Mediterranean Grilled Chicken Ingredients
  • 4 whole boneless, skinless chicken breasts Pounded to an even 3/4-inch (2cm) thickness.
  • 1/4 cup extra virgin olive oil Plus 1 tbsp (15ml) extra for blistering the tomatoes.
  • 1 cup fresh green parsley Finely chopped.
  • 2 tbsp fresh oregano Minced.
  • 4 cloves garlic Finely minced.
  • 1 tsp crushed red pepper flakes Adds a baseline heat.
  • 1 tsp kosher salt Draws out moisture for paste adhesion.
  • 1/2 tsp black pepper Freshly ground.
  • 1 pint red cherry tomatoes Left whole to be blistered.
  • 1/2 cup whole dark kalamata olives Room temperature.
  • 2 whole fresh yellow lemons Cut into thick wedges.

Equipment

  • 1 Cast-iron grill pan or outdoor grill Essential for achieving deep charred grill marks.
  • 1 Instant-read digital meat thermometer Crucial for pulling the chicken at exactly 160°F (71°C) for optimal juiciness.

Instructions
 

Prepping & Grilling the Chicken
  1. Place your chicken breasts on a clean cutting board and cover them with a sheet of plastic wrap. Gently pound the thickest parts of the breasts until the entire piece is an even 3/4-inch (2cm) thickness.
  2. In a medium mixing bowl, combine the finely chopped green parsley, fresh oregano, minced garlic, crushed red pepper flakes, kosher salt, and black pepper. Pour in the 1/4 cup (60ml) of extra virgin olive oil and stir vigorously into a thick paste.
  3. Pat the chicken breasts completely dry with a paper towel.
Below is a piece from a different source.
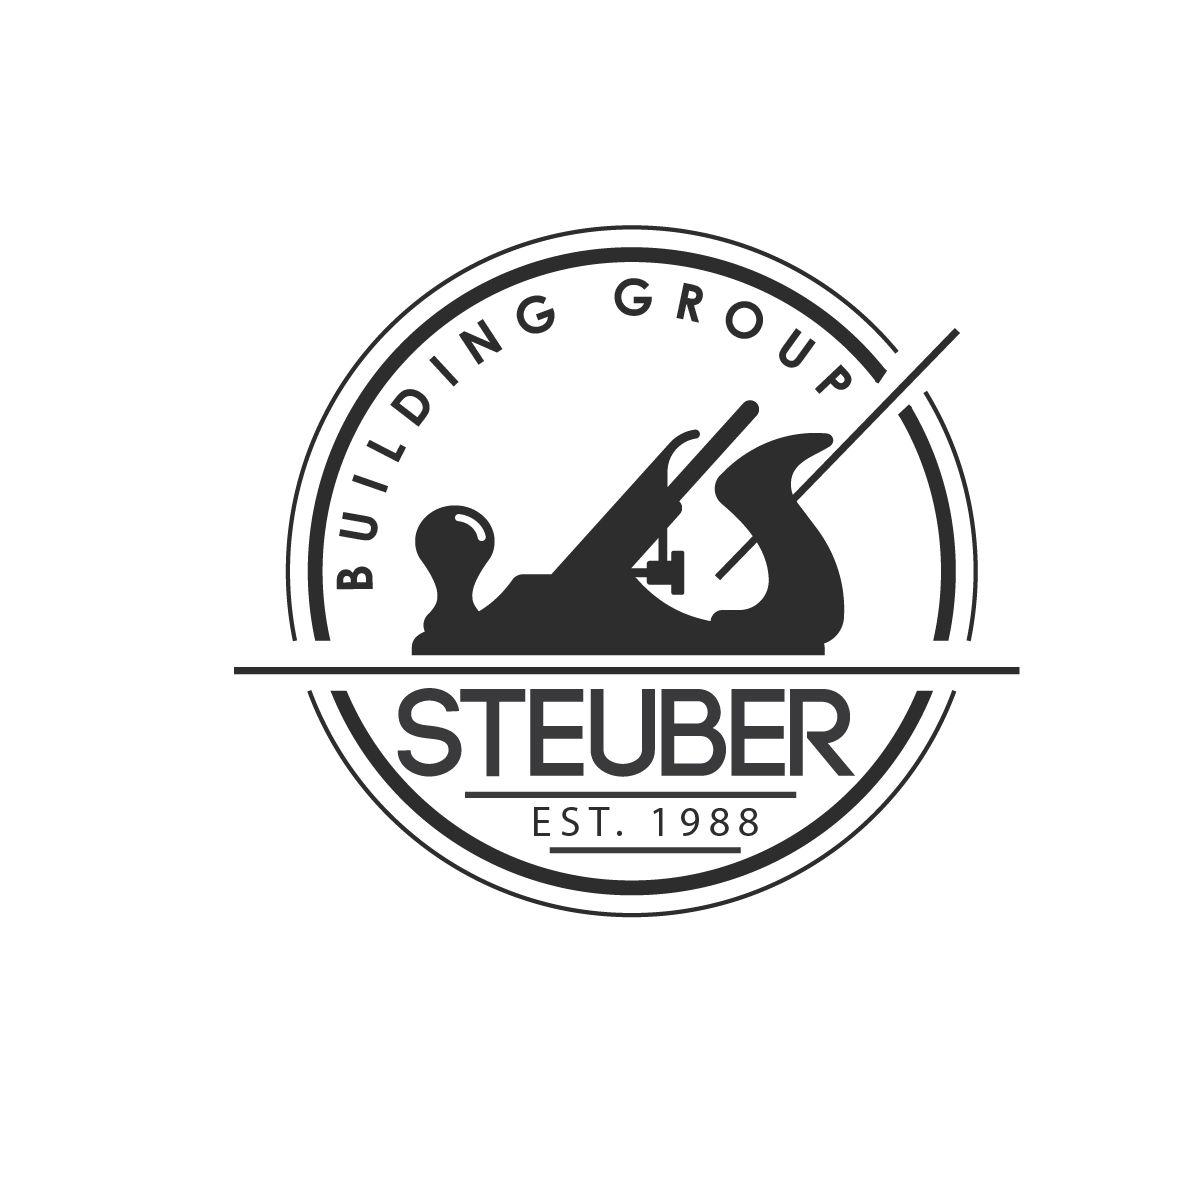 Steuber Building Group

Generously slather the thick green herb paste over both sides of the chicken, pressing firmly so it sticks.
  4. Preheat your grill or cast-iron grill pan over medium-high heat. Lay the chicken breasts down and do not move them for 5-6 minutes to establish deep charred grill marks.
  5. Flip the chicken breasts and cook for an additional 5-6 minutes on the second side, until the internal temperature reaches 160°F (71°C).
  6. Transfer the chicken to a cutting board to rest for 5 minutes. Toss the red cherry tomatoes into a hot skillet with 1 tbsp (15ml) olive oil and sear for 2-3 minutes until blistered.
  7. Arrange the glistening chicken on a rustic white ceramic plate. Scatter the blistered cherry tomatoes and whole kalamata olives around the meat. Garnish with thick wedges of fresh yellow lemon.

Notes

Tip 1: Always dry your chicken thoroughly before applying the herb paste to ensure it adheres during high-heat cooking.
Tip 2: Do not squeeze the fresh lemon wedges over the chicken until right before eating; the acid will turn the bright green herbs brown if applied too early.